Kreisheimatstube
Der langjährige Günzburger Landrat und Bezirkstagspräsident Georg Simnacher, der zahlreiche kulturelle und volkskundliche Projekt in Bayerisch Schwaben zum Leben erweckt hat, begann um 1980 mit konkreten Planungen zur Schaffung eines kleinen Freilichtmuseums in Mittelschwaben, in dem bedrohten ländlichen Bauten Asyl gewährt werden sollte, um sie damit für spätere Generationen zu bewahren. Untrennbar mit diesem Gedanken verband er die Vorstellung, dass sich dies dauerhaft nur erfolgreich erreichen lasse, wenn es gelingt neues Leben in die alten Gebäude zu bringen. Innerhalb weniger Jahre entstand so ein Erfolgsprojekt das seinesgleichen sucht. Es wurde und ist bis heute ein Zentrum für vielfältigste Beschäftigung mit dem Leben unserer Vorfahren, mit dem Ziel deren Tätigkeiten und Traditionen fortzutragen und sie für uns Heutige sichtbar, greifbar und nutzbar zu machen. Es geht hier um alle Arbeiten des täglichen Lebens, um Lebensmittelverarbeitung, um Kochen, Backen und Konservieren, Mosten und Bierbrauen, um Kleidung und Textilien, Nähen und Stricken, um Schafhaltung und Imker, Drechsler, Krippenschnitzer und Maler, Sänger und Musikanten, Märchenerzähler und Mundartdichter, um Beisammensein und Miteinander.
All das funktioniert seit über vier Jahrzehnten bestens, mit kleinem Etat aber mit viel persönlichem Einsatz der Leiterin Barbara Mettenleiter-Strobel und ihren ehrenamtlich tätigen Mitarbeitern.
Bei allen die an diesem Projekt beteiligt waren oder sind möchte ich mich und sollten wir uns alle, recht herzlich bedanken.
1981 begann die schwierige Umsetzungsphase, waren doch zu dieser Zeit spezialisierte Handwerker kaum zu finden. Zum Glück gab es in der Gegend noch kleine Handwerksbetriebe, die alte Techniken beherrschten und so den Neuaufbau aller Gebäude bewerkstelligen konnten.

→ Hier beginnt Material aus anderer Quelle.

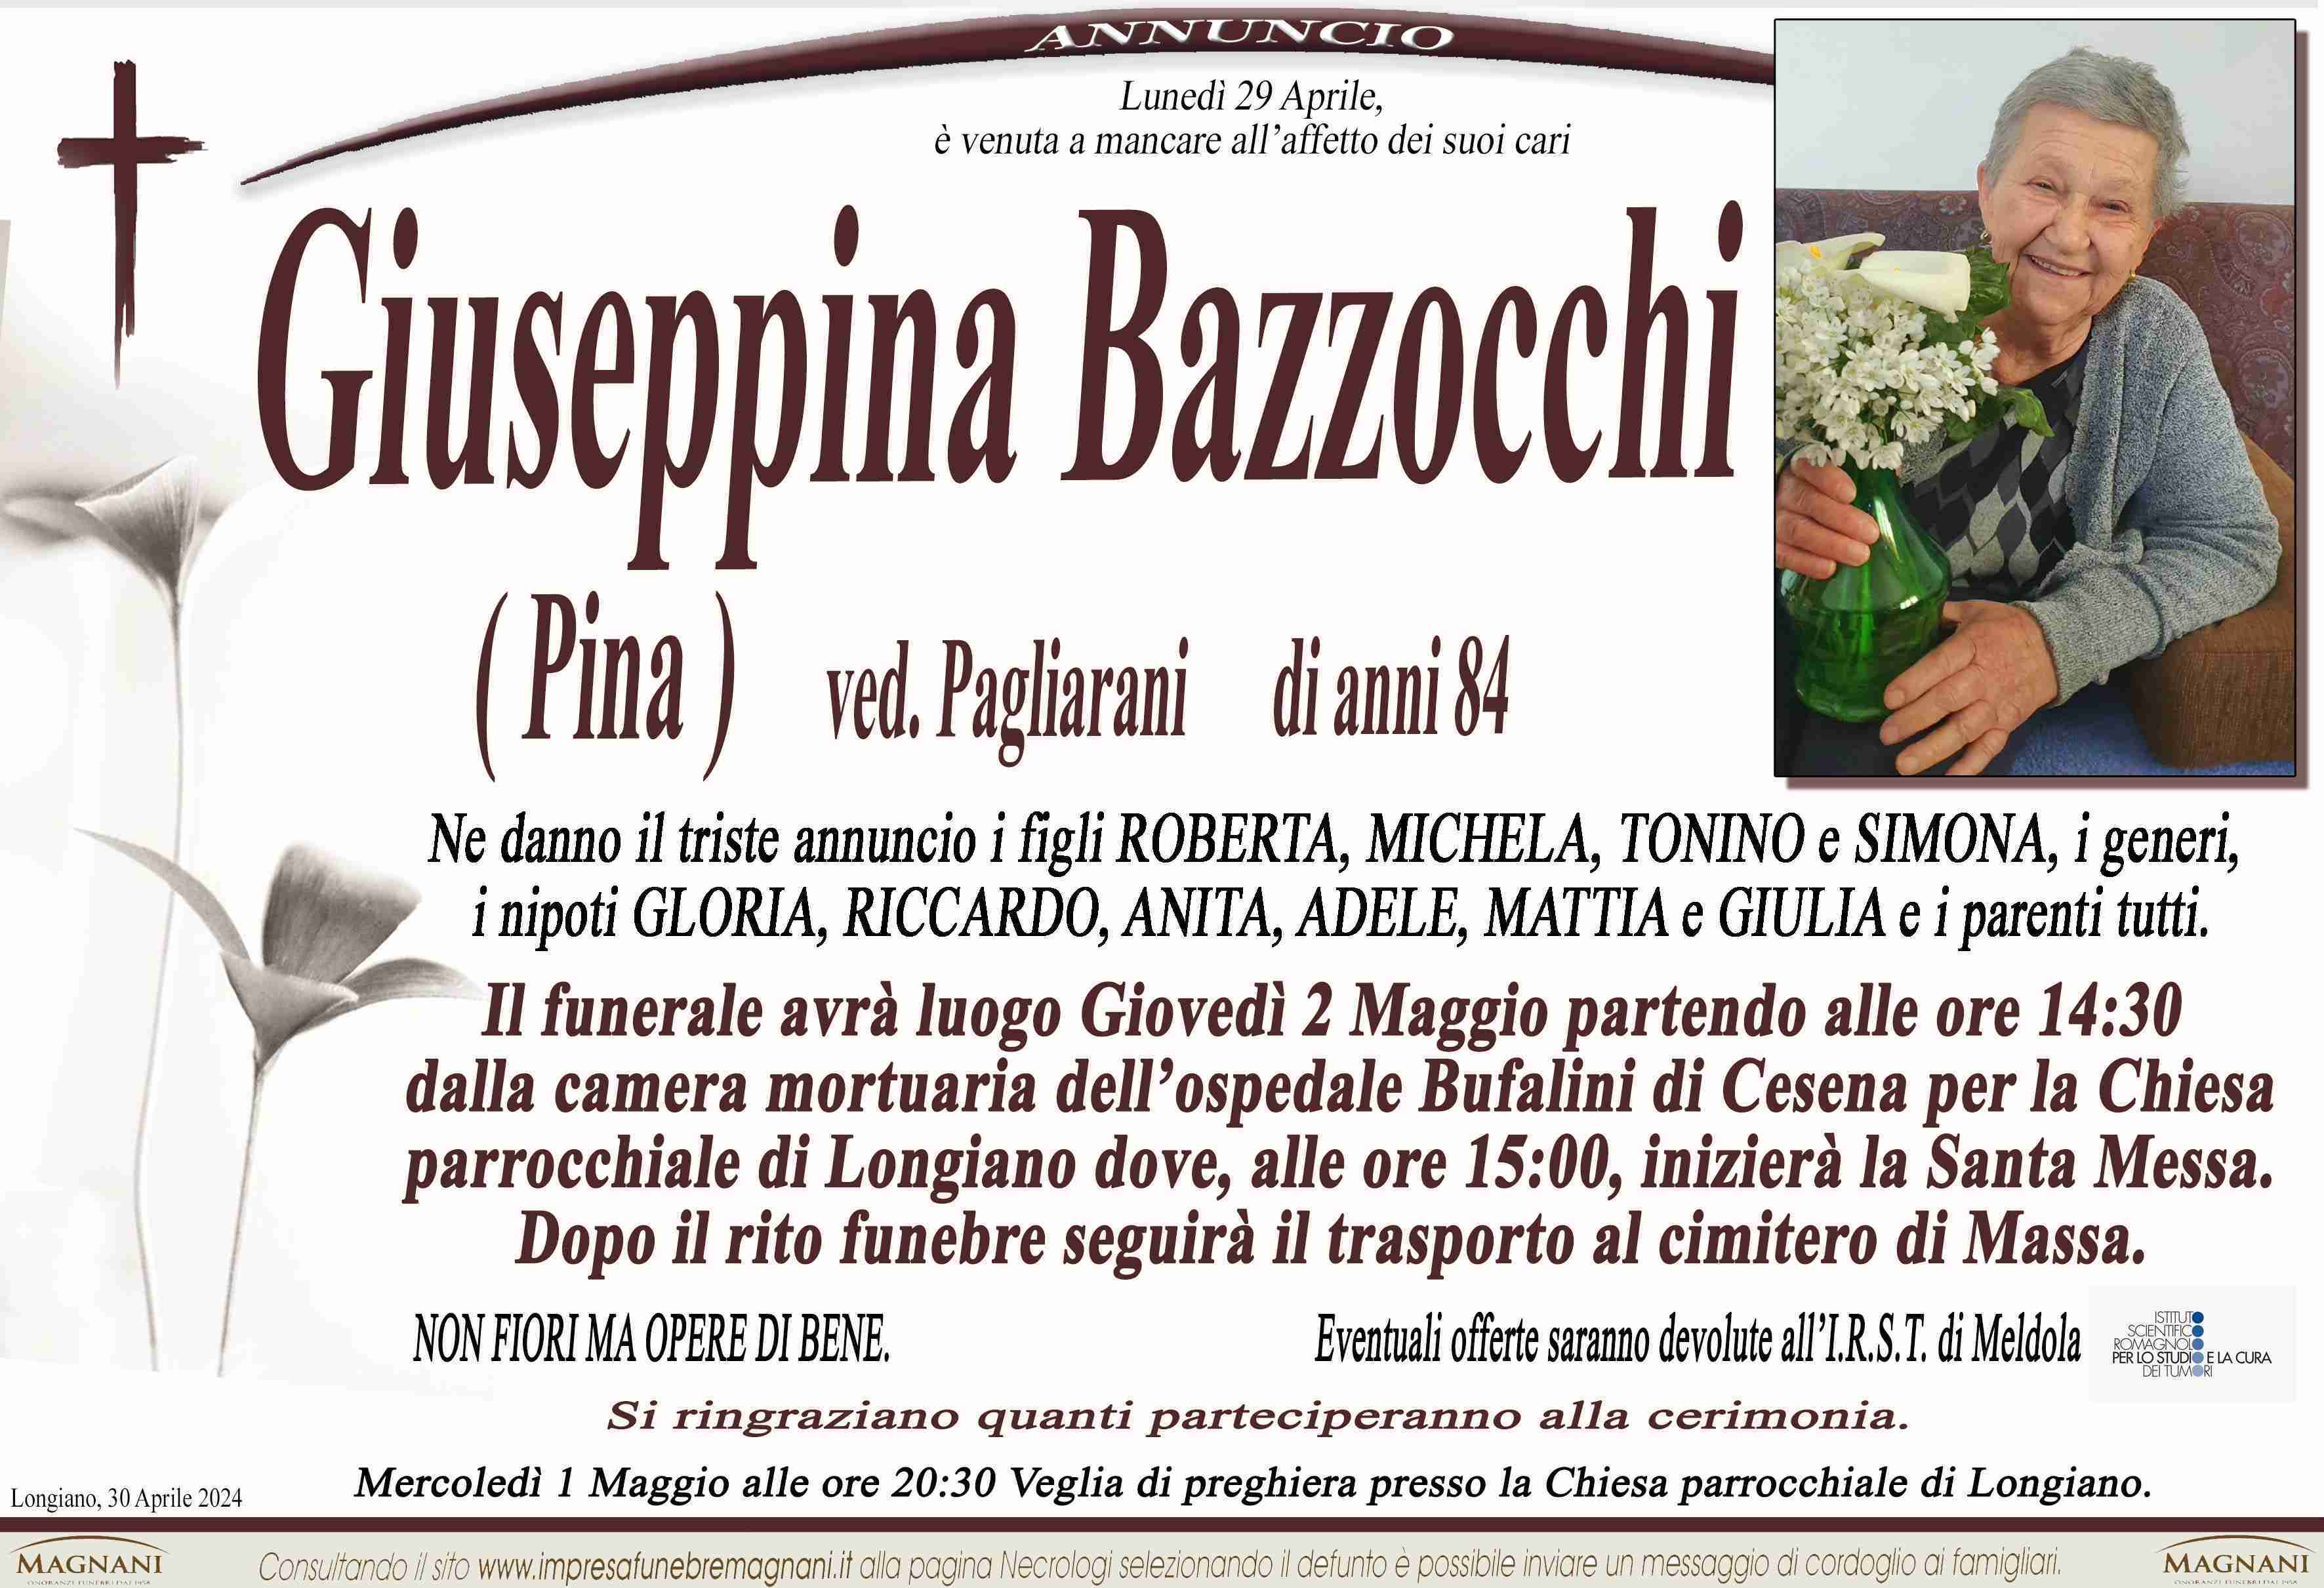 Giuseppina Bazzocchi

Zunächst wurden zwei Gebäude auf das Gelände des ehemaligen mittleren Weihers in Stoffenried umgesetzt, eine Sölde mit Fachwerkobergeschoss aus Oberwiesenbach und ein kleines Austragshaus aus Hohenraunau, 1991 kam noch eine Seilerbahn aus Langenhaslach hinzu. Gleichzeitig wurde auch der Bauernhof Schwaninger Straße 20 ins Museumensemble integriert, der inzwischen zum zentralen Versammlungsgebäude der Anlage geworden ist. Ursprünglich kam diese Funktion der Kreisheimatstube, der aus Oberwiesenbach stammenden Sölde zu.
Die extreme Eingeengtheit der Sölde schlägt sich auch in ihrem Grundriss nieder. Stube, Küche und eine kleine Speisekammer liegen entlang eines durchgehenden Flures, an den der Stall angrenzt. Es ist allerdings kein typischer Grundriss eines mittelschwäbischen Mitterstallhauses, da der Stall nicht quer im Gebäude liegt, sondern längs. Dies bedingt die ebenfalls längs liegende Scheune durch die verdrehte Einfahrsituation vom Giebel her. Man sieht an diesem Beispiel gut, dass die in der baugeschichtlichen Literatur aufgezeigten ″typischen″ Grundrisse keineswegs immer vorhanden sind, sondern dass sich häufig durch örtliche Gegebenheiten atypische Anpassungsformen finden.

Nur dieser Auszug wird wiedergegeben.